Written byShaun Waterman
The Department of Defense has not finally decided whether to separate the leadership of the National Security Agency and U.S. Cyber Command and has not begun to meet the congressionally mandated conditions for doing so, the Government Accountability Office said in a report Tuesday.
A provision in last year’s National Defense Authorization Act required the Secretary of Defense and the chairman of the Joint Chiefs of Staff to jointly certify that ending the so-called dual-hat arrangement — under which the same four-star general is both NSA director and in charge of U.S. Cyber Command — will not pose risks to the command’s military effectiveness.
“As of April 2017, DOD’s senior leaders had not decided whether the dual-hat leadership should be ended,” states the GAO report, adding that department’s leaders were “reviewing the steps and funding necessary to meet the statutory requirements of Section 1642” but had not yet begun to do so.
The NDAA provision requires the department to assess Cyber Command’s operational dependence on NSA and evaluate each organization’s ability to carry out its roles and responsibilities once the leadership is separated. It further requires DOD to ascertain whether the following conditions have been met before deciding to end the dual-hat leadership arrangement:
- A robust operational infrastructure has been deployed that is sufficient to meet the unique cyber mission needs of both Cyber Command and NSA
- Robust command and control systems and processes have been established for planning, deconflicting, and executing military cyber operations
- The capabilities have been established to enable intelligence collection and operational preparation of the battlefield for cyber operations.
- The capabilities have been established to train cyber operations personnel, test cyber capabilities, and rehearse cyber missions.
- Cyber Mission Force Teams have achieved full operational capability.
The last condition is not expected to be met until September 2018.
In addition, another part of the NDAA requires DOD to elevate Cyber Command from a sub-unified command under U.S. Strategic Command to a unified combatant command. “If and when [Cyber Command] becomes a combatant command, it will have more ability to influence policy and operational planning, including by defining requirements within the cyber domain,” a staffer from the office of Sen. Mark Warner, D-Va., said, “It should also benefit from more people, better funding, and broader authorities.”
Among House Democrats, there was less patience. “Congress fully expects the Trump administration to comply with the law by updating the Unified Command Plan [to make Cyber Command a full-fledged combatant command], and is dismayed elevation has not yet occurred. Such a delay poses great risk to national security,” Rep. Adam Smith, the ranking Democrat on the House Armed Services Committee, told CyberScoop by email.
Tuesday’s GAO report was requested by Congress in the committee reports accompanying both the NDAA and the Intelligence Authorization Act last year.
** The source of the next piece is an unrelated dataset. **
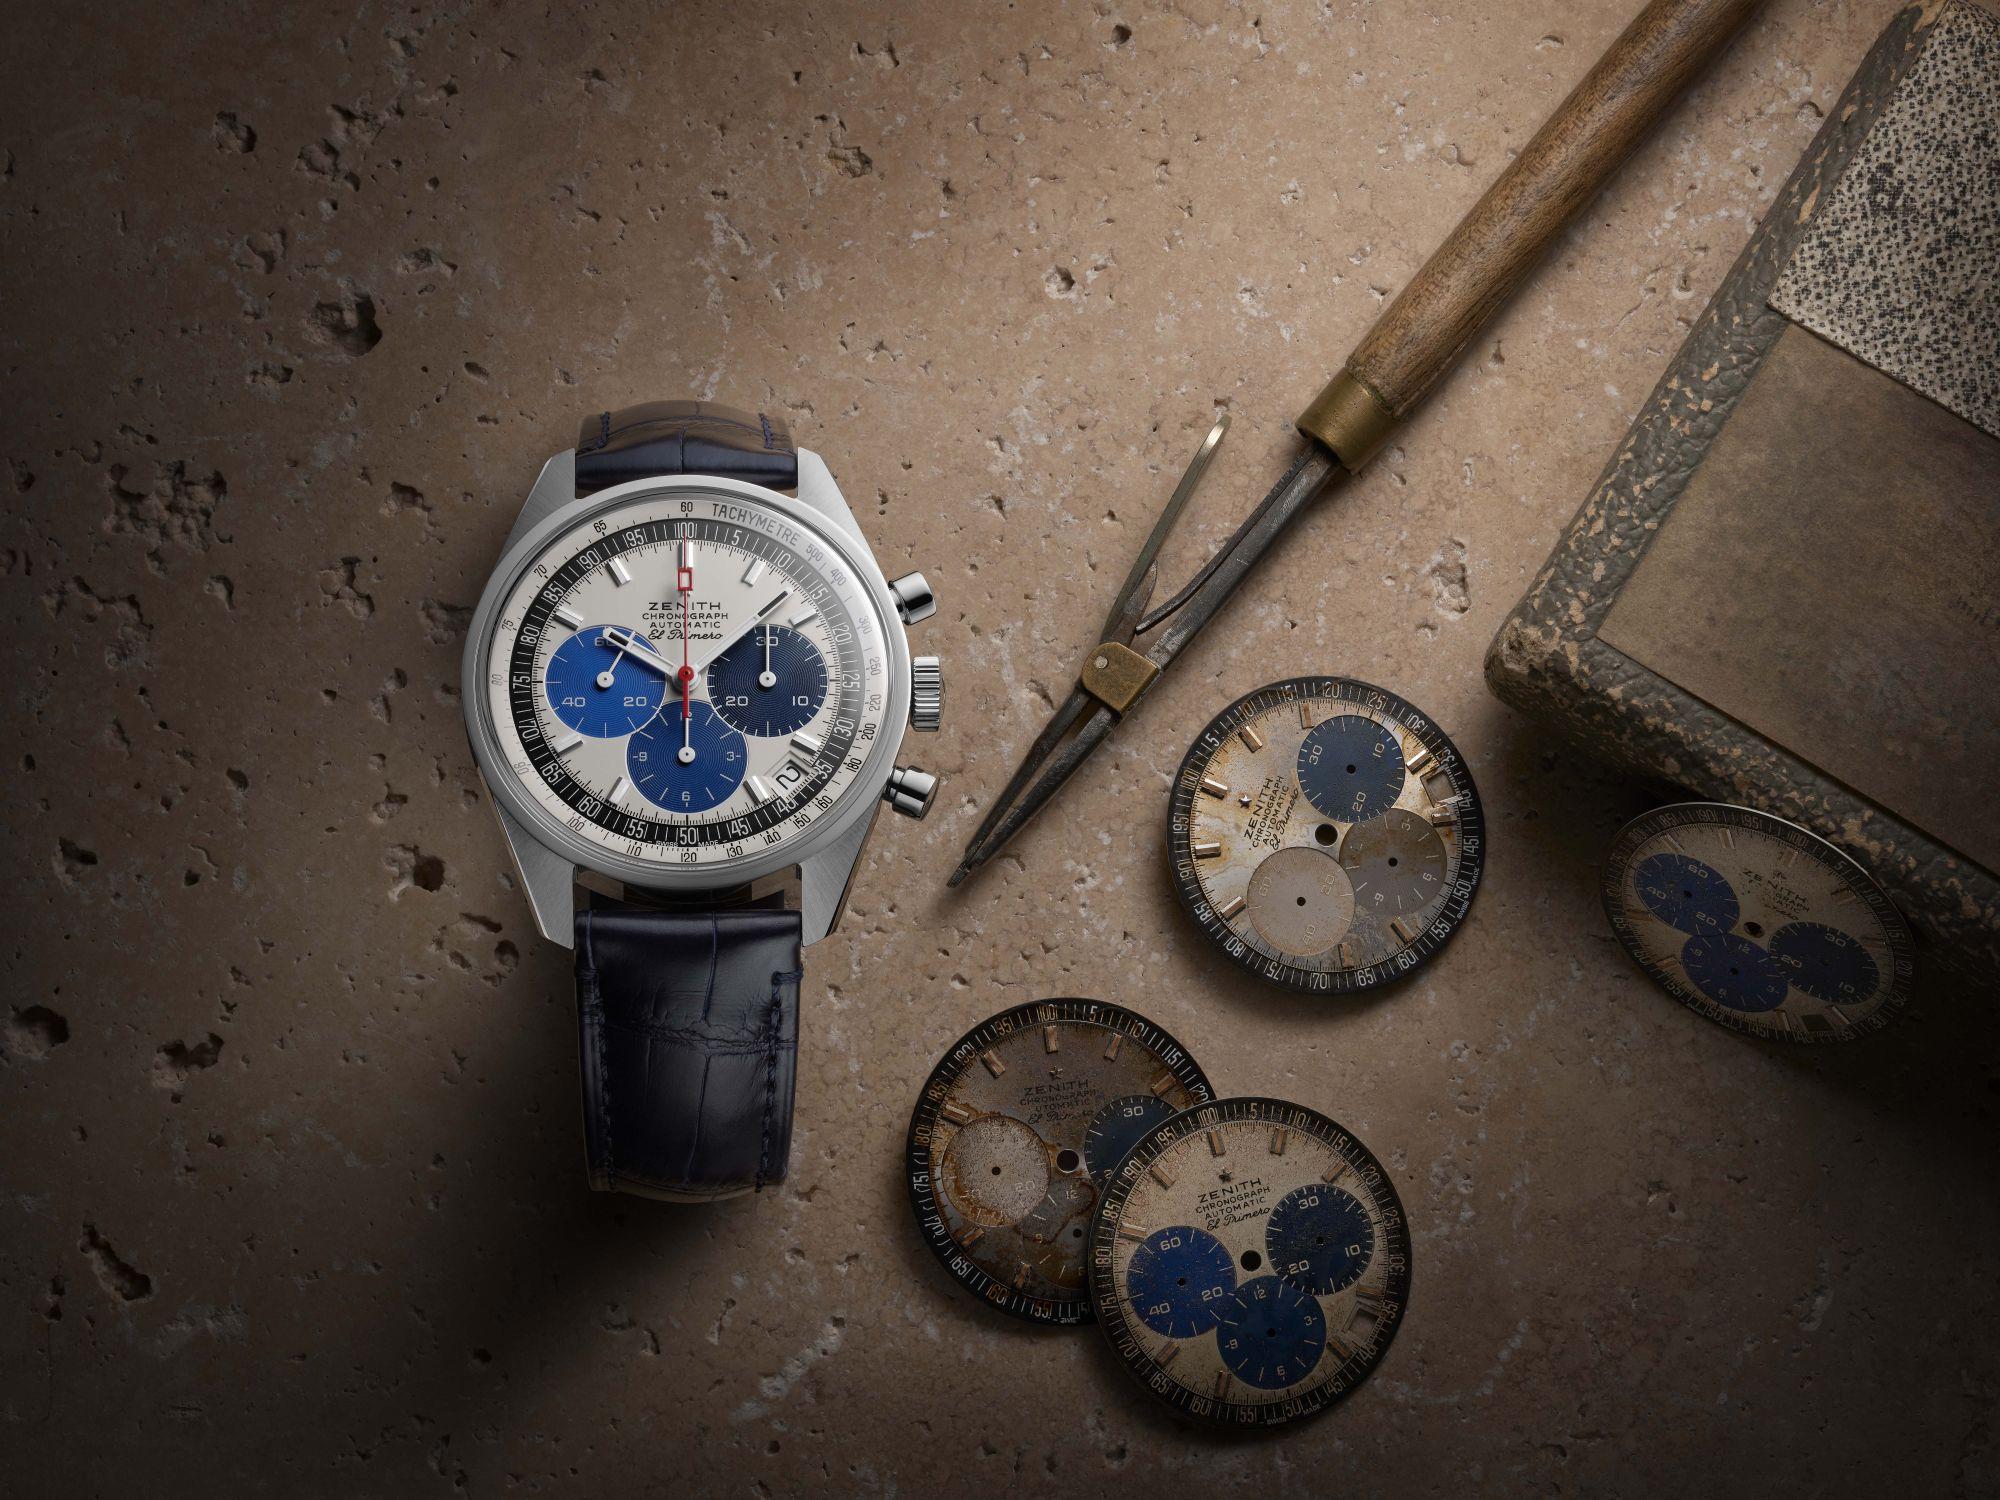 Chronomaster系列復刻版腕錶,有著與1969年發售的El Primero A386腕錶相同的DNA by Zenith。

The report also assesses the pros and cons of ending the dual-hat arrangement, which dates back to the stand-up of Cyber Command in 2010 — and outlines a series of actions that the department could take to mitigate any risks associated with the separation. One of them is elevating Cyber Command to unified combatant command status.
Other risk mitigation measures identified are:
- The formalization of agreements between NSA and the command “to ensure collaboration on key issues … officials told us there are advantages afforded to both organizations by the dual-hat leadership arrangement that they are working to formalize … an agreement has been drafted, but not approved.”
- The achievement of full operational capability for all 133 Cyber Mission Force Teams.
- The development of a persistent cyber training environment to provide a realistic, on-demand training capability.
The report also states that DOD has implemented just over half (15) of the 27 cybersecurity recommendations made by the GAO from 2011 to 2016. The 56 percent success rate is slightly lower than the 60 percent rate for GAO information security recommendations across the federal government as a whole, the report notes.